The radius of the incircle of the triangle formed by the x-axisand the lines 3x + 4y - 24 = 0, 3x - 4y + 24 = 0 is

For 3x+4y-24=0 can be re-written as $$3x+4y=24$$

=>$$\frac{3x+4y\ \ }{24}=1$$

=>$$\ \frac{\ x}{8}+\ \frac{\ y}{6}=1$$.

So, this becomes the equation of the straight line of the form $$\ \frac{\ x}{a}+\ \frac{\ y}{b}=1$$, where a and b are x and y intercepts respectively. The X and Y intercepts for this equation are 8 and 6 respectively.

Similarly 3x-4y+24=0 can be re-written as $$\ \frac{\ x}{-8}+\ \frac{\ y}{6}=1$$. The X and Y intercepts for this equation are 8 and -6 respectively.

So, we get the following triangle and the incircle can be drawn as:

So, the triangle has sides of length 10,10 and 16.

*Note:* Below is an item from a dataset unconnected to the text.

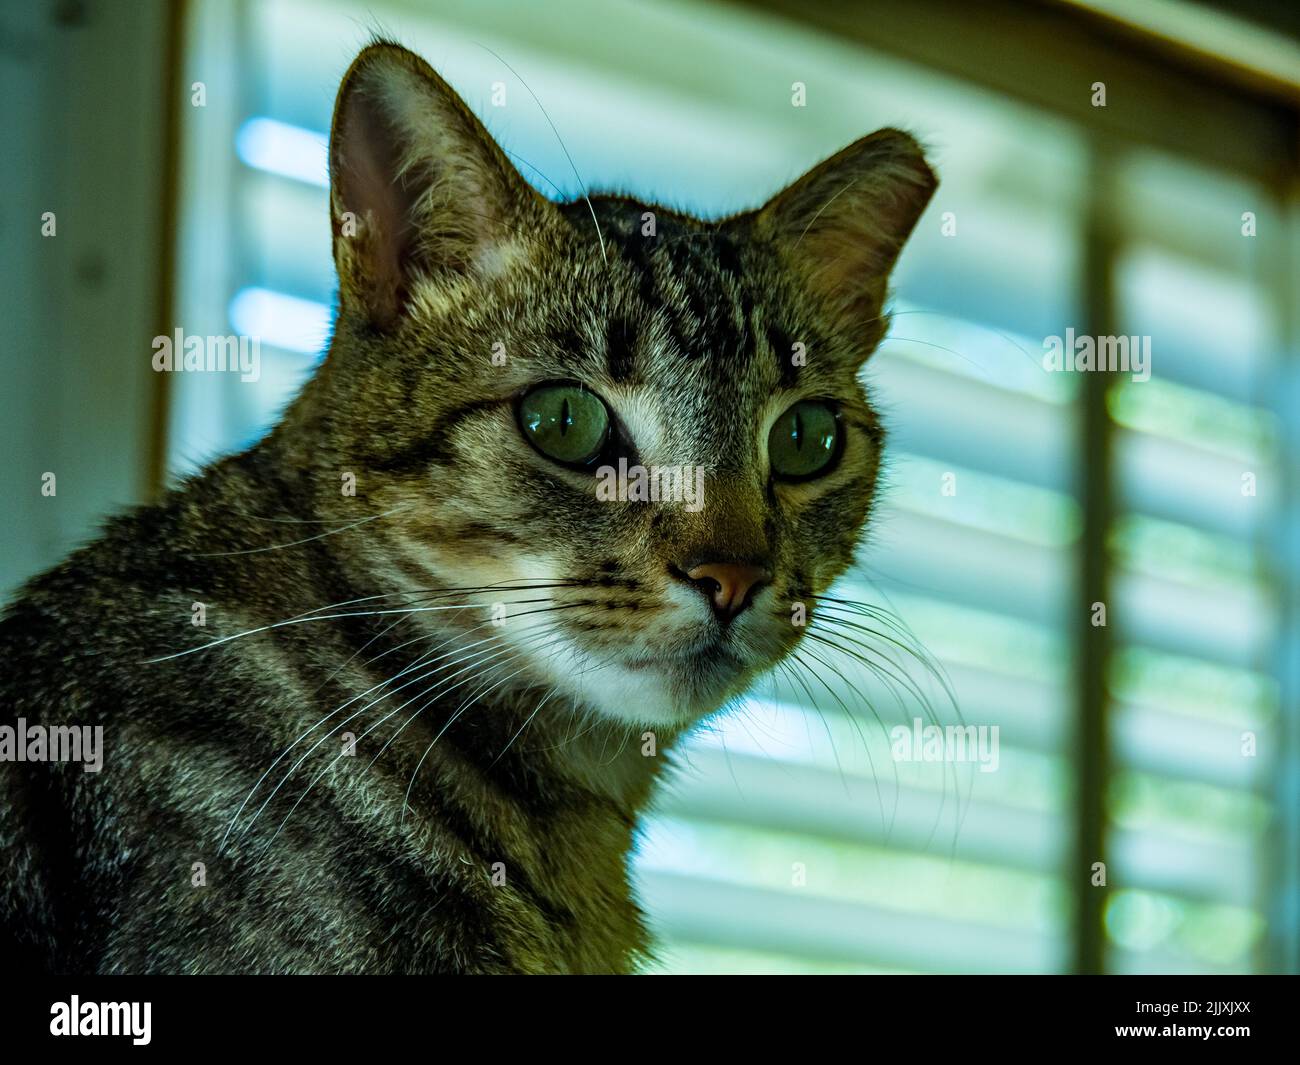 A paranoid looking green eyed cat named George Kittle who started life as a feral cat but has now been tamed. Stock Photo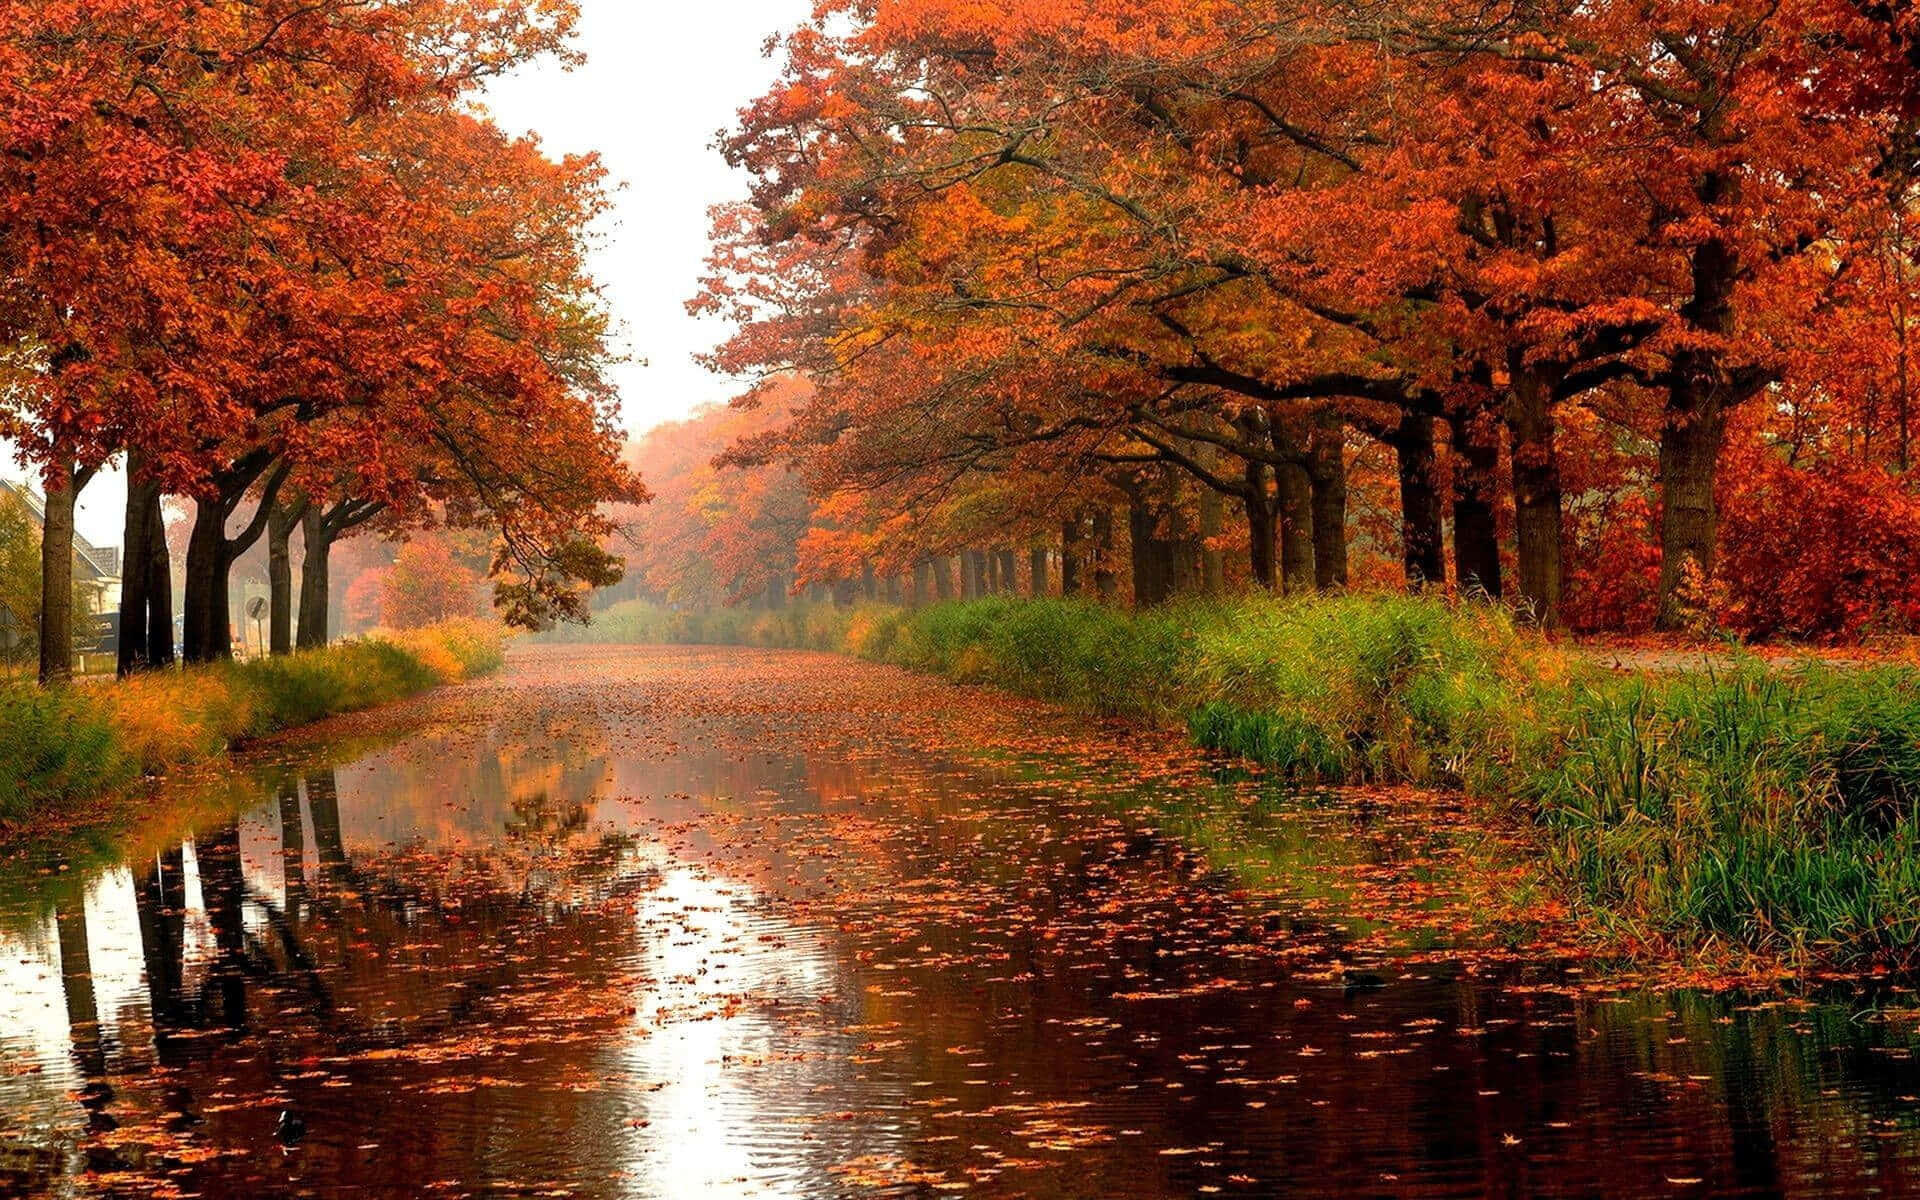 Take a tranquil stroll through nature's beauty and the glow of autumn

Area of the triangle= $$\ \frac{\ 1}{2}\times\ Base\times\ Height$$= $$\ \frac{\ 1}{2}\times\ 16\times\ 6$$= 48

We know that r*s= Area of the triangle, where r is the inradius and s is the semi-perimeter. s= $$\ \frac{\ 1}{2}\left(16+10+10\right)$$= 18

So, 18r= 48

=> Or, r= $$\ \frac{\ 48}{18}=\ \ \frac{\ 8}{3}$$